И ушел, чтобы больше никогда не возвращаться в родной дом.
Уже несколько дней в пяти километрах от Навальпераля находится наш наблюдательный пост. Он состоит из пяти бойцов. Командовал ими Торес, лучший спортивный журналист Испании, знаток спорта и сам спортсмен.
И вот весь батальон выступает на передовые позиции.
Утром у наших окопов лежали многочисленные листовки, сброшенные с фашистских самолетов:
«Если вы отсюда не уйдете, мы вас и вечеру уничтожим».
Луканди прочнел вслух листовку и сказал:
— Такой вечер никогда не настанет, если мы не забудем то, чему учились в Навальперале.
Через час «черный Торес», сидевший все эти дни наблюдателем (мы прозвали Тореса черным за цвет его кожи), сообщил о появлении фашистской кавалерии. И действительно, вскоре в километре от нас мы увидели ее. Часто, будучи уже сам командиром, я повторял требовательные и грозные слова капитана Луканди, обращенные в ту минуту к нам:
— Не стрелять, пока вы не услышите моего приказа.
Здесь я должен сказать об одном нашем товарище, оставшемся в Навальперало. Это был Салинас, командир единственной нашей пушки. Салинас был знаменит тем, что ни один снаряд у него не пропадал на пристрелку: он с первого же выстрела поражал врага. Тот, кто понимает что-либо в артиллерии, поймет, каким трудом достигалась такая меткость. Со студентом Салинасом, имевшим тогда чин лейтенанта, работал необыкновенный орудийный расчет. Это были все профессора математического факультета. Они образовали под руководством Салинаса нечто вроде артиллерийского консилиума, делали сложные вычисления и, сами пугаясь каждого выстрела, продолжали работать и вычислять.

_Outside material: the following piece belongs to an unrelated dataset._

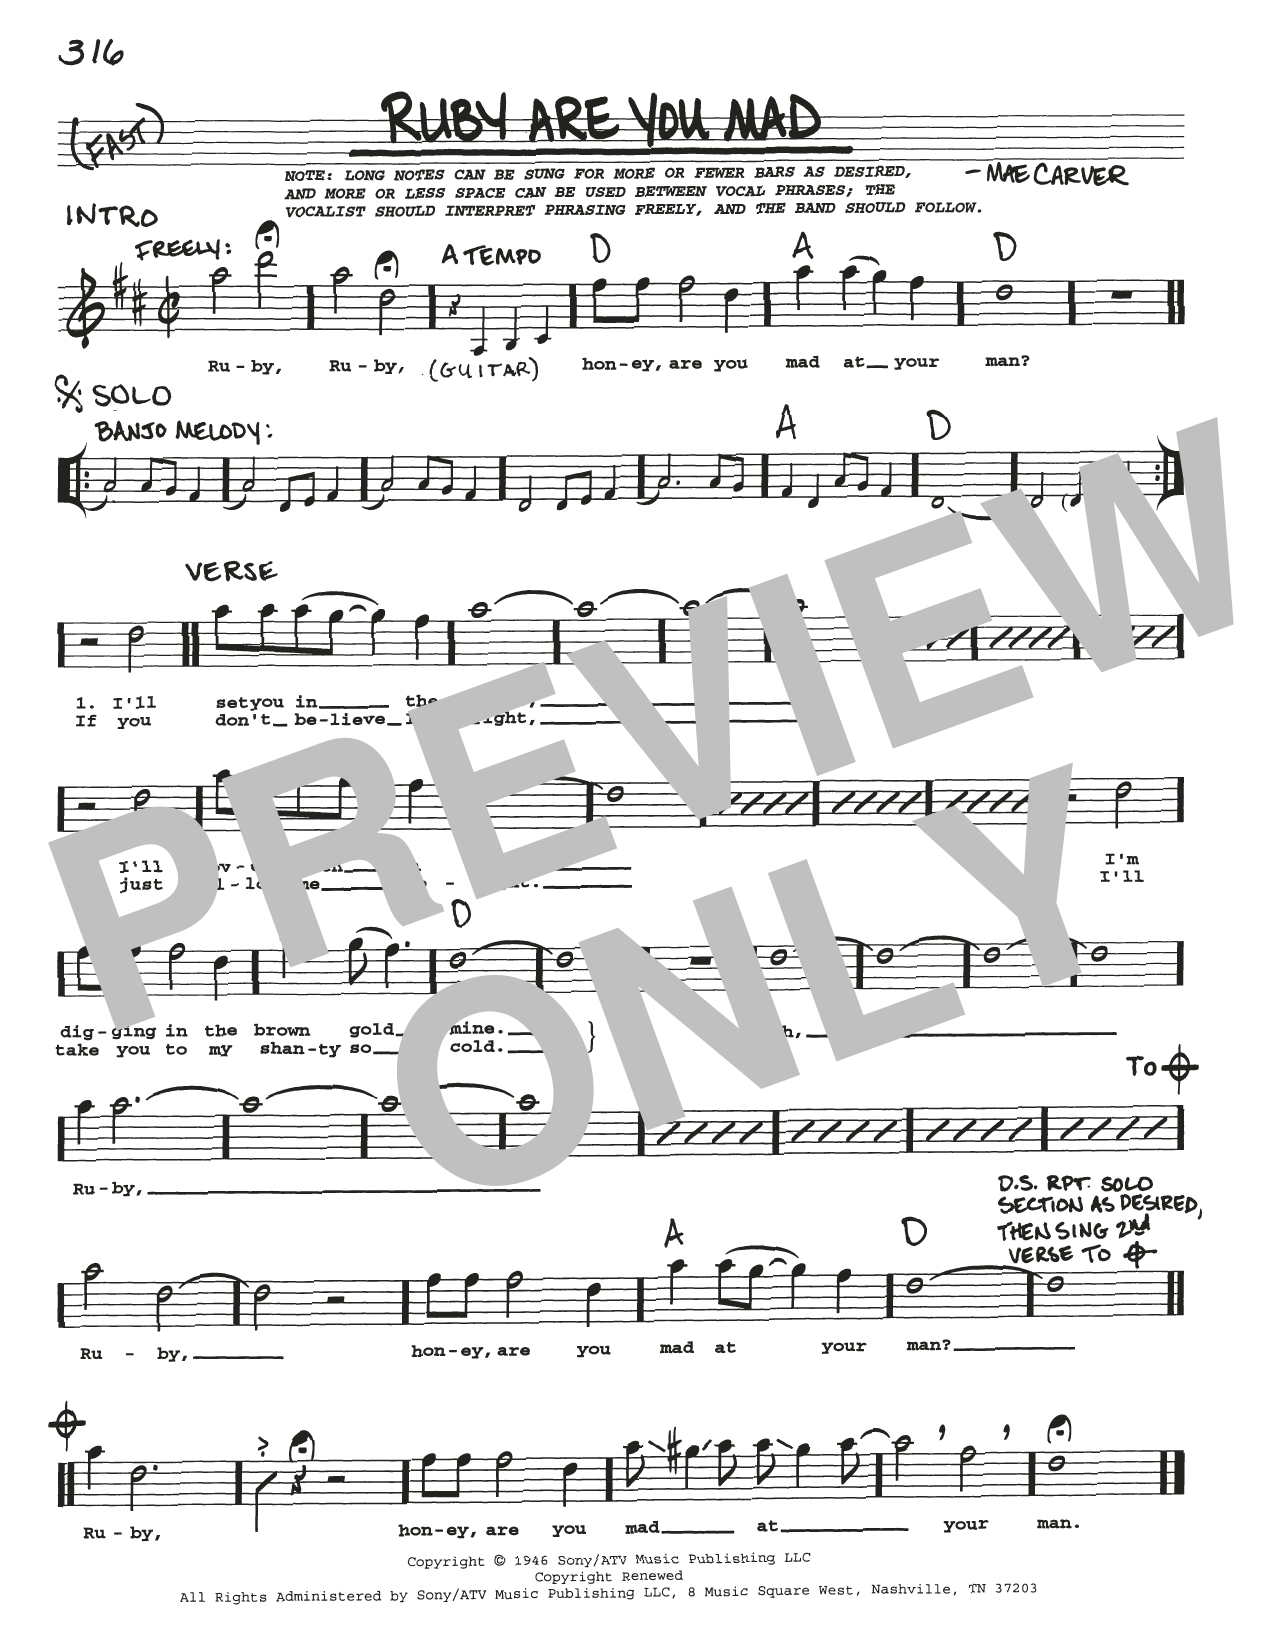 Download Mae Carver Ruby Are You Mad Sheet Music
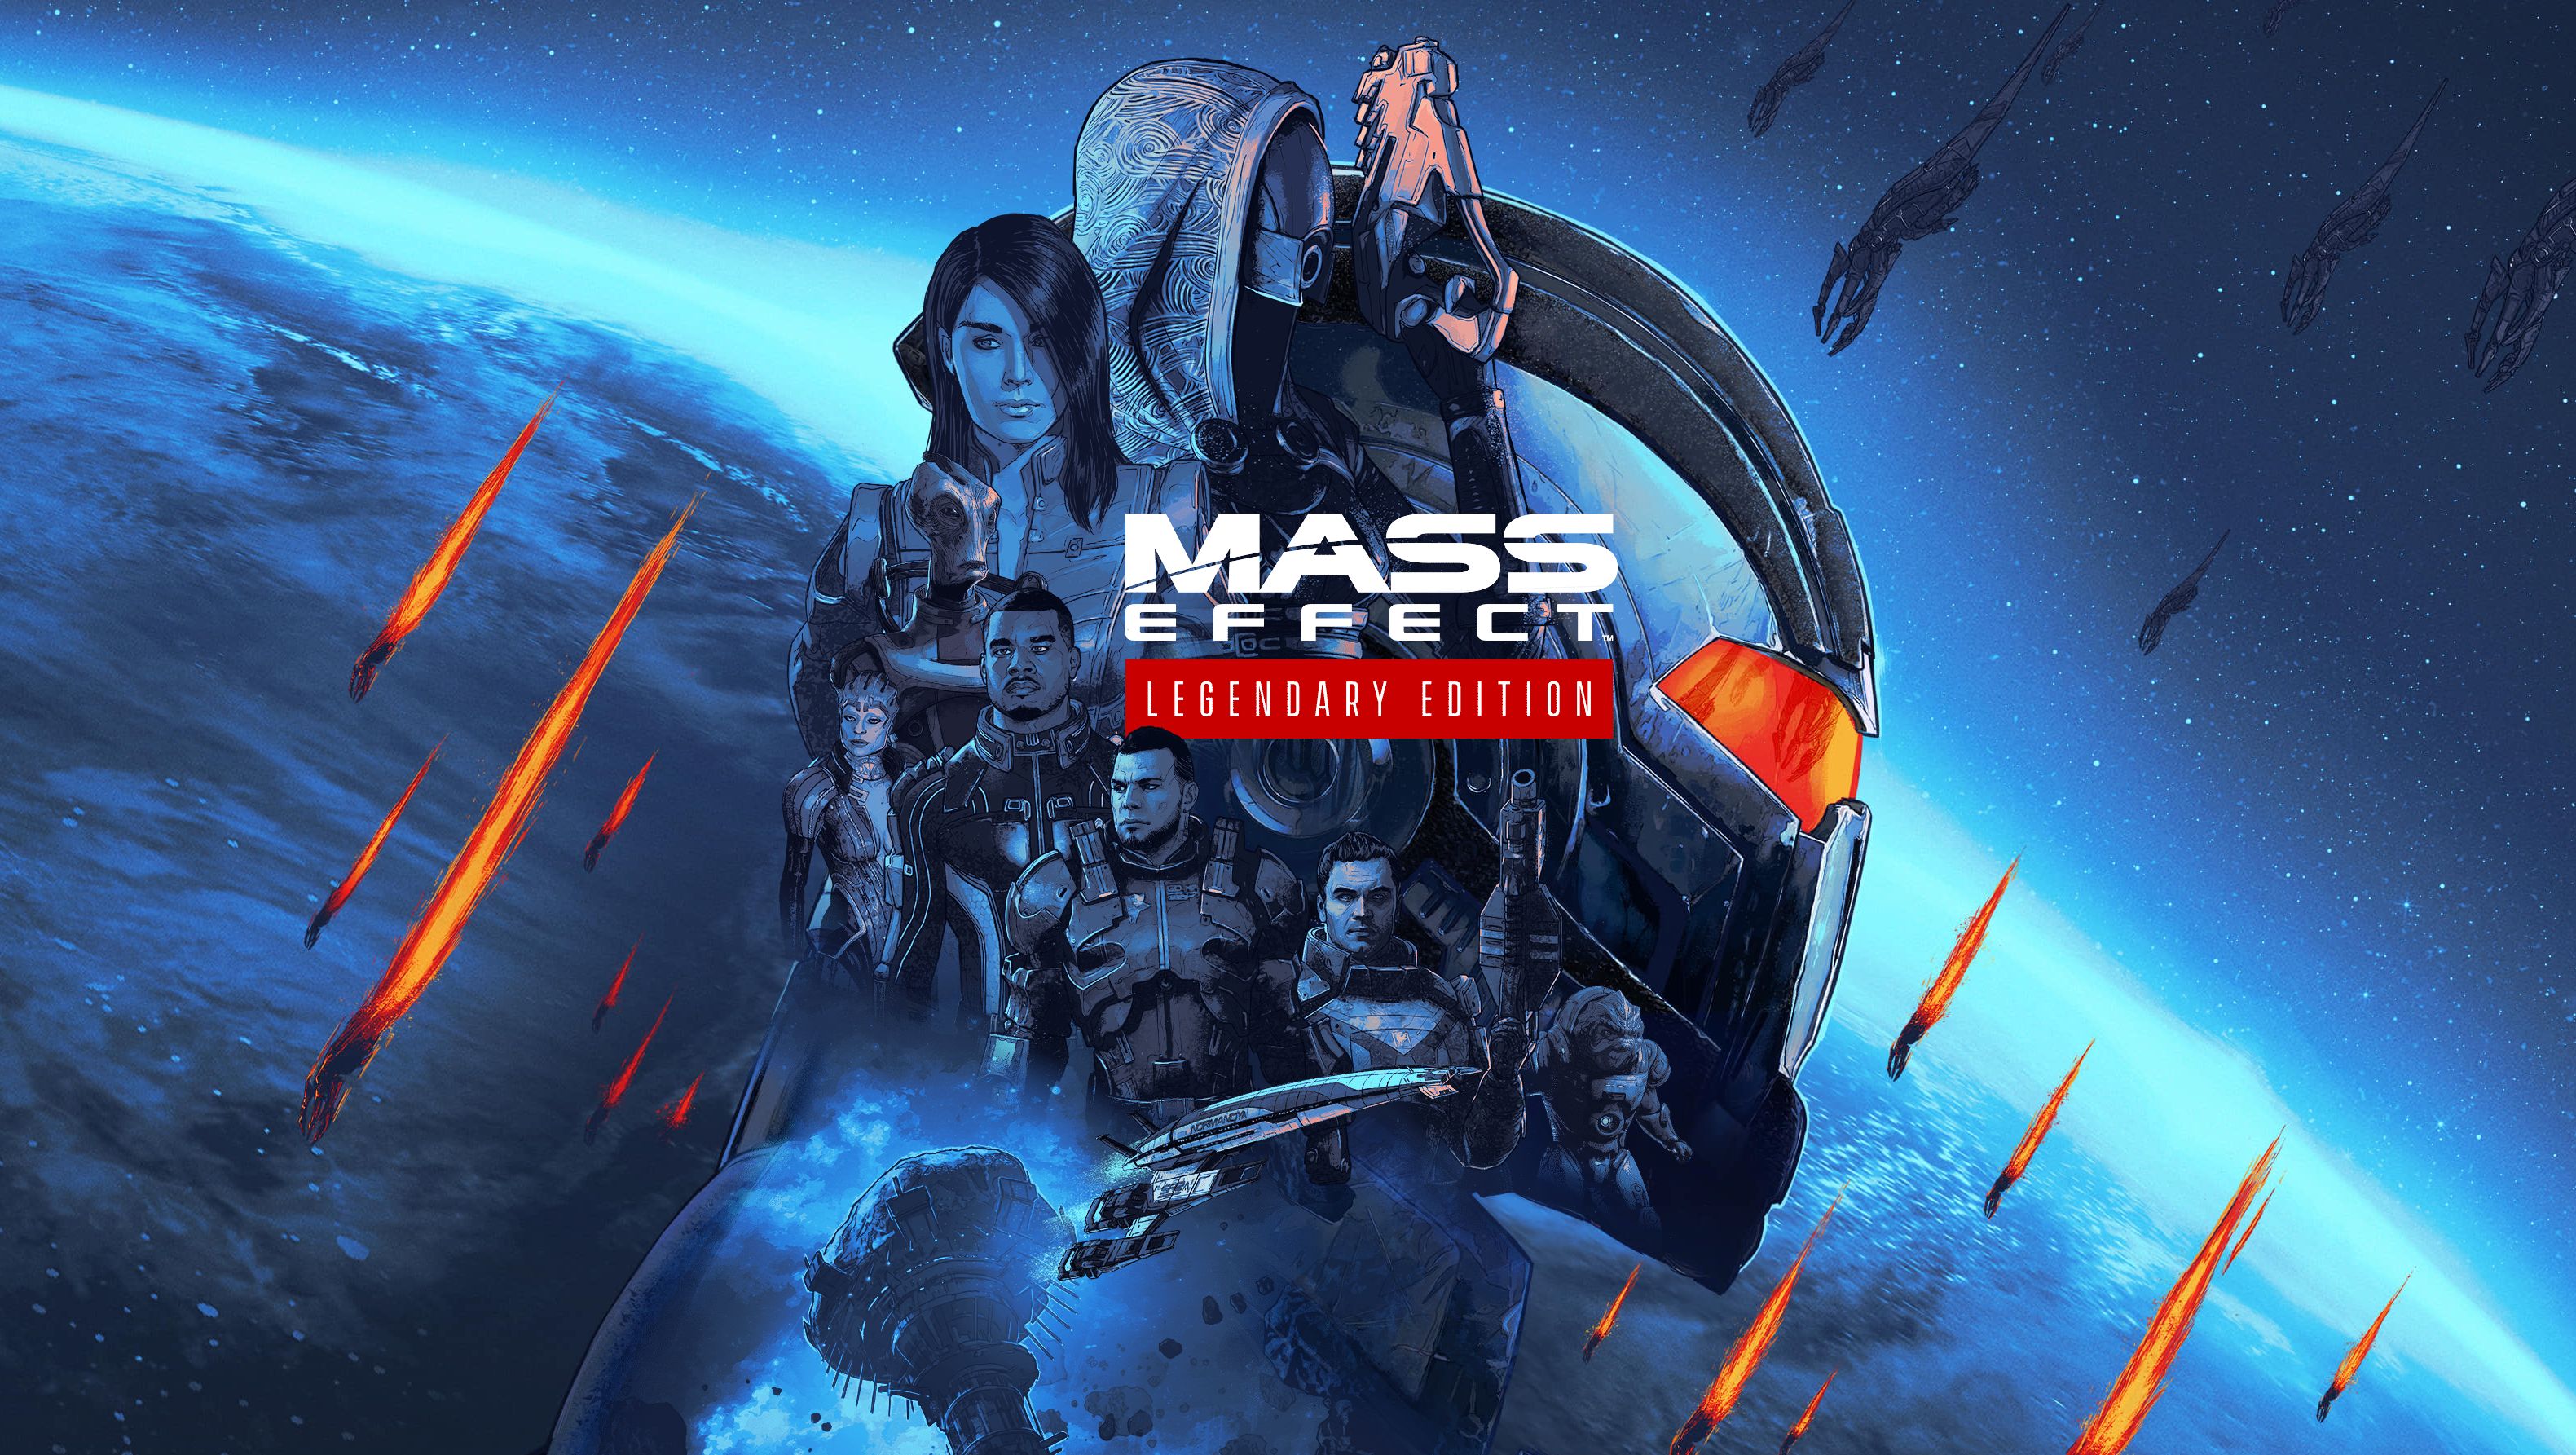 Image for Amazon is handing out Mass Effect Legendary Edition, Grid Legends, and more free games for Prime Day

— Не стрелять! — услышали мы снова грозное предупреждение капитана Луканди.
Мы недоумевали: как это не стрелять, когда на нас мчатся по меньшей мере два кавалерийских полка противника? Но Луканди помнил о мастерстве невидимого отсюда нам командира орудия Салинаса. Когда конница была уже в трехстах метрах от нас, мы вдруг увидели, как начали взлетать в воздух всадники и кони, как их косила шрапнель и как ужас охватил уцелевших кавалеристов. Тогда Луканди скомандовал:
— Огонь, друзья!
— Да, это совсем нетрудная штука — война, — кричит горластый Панчовидио.
И он, ликуя, сообщает нам то, что мы видим сами, вытягивая шеи из-за прикрытий и охватывая мимолетным взором поляну. Эскадроны, шедшие последними, стремительно и беспорядочно поворачивают, но и их настигает меткий Салинас. Мы посылаем им вдогонку ружейный залп, и балагур Панчовидио острит:
— Посмотрим, кто летит быстрей — ваши кони или моя пуля?
Это была первая стрельба, которую мы организованно, по команде произвели в эту войну.
Мы готовимся к первой окопной ночи. Нет, Панчовидио все-таки преувеличивает. Война не такая уж легкая штука. Маленький Гафос вообще не представляет себе, как можно уснуть на земле, накрывшись одним одеялом.
— Товарищ командир, — Гафос с излишней подтянутостью вытягивается перед Луканди, — вы обещали вернуть мула крестьянину в Навальперале. Не сделать ли мне это сейчас?
Капитан скрывает улыбку — ему понятна несложная стратегия юного бойца.
— Я обещал, но не сегодня, а только через три дня, когда нас сменят и мы вернемся в Навальпераль.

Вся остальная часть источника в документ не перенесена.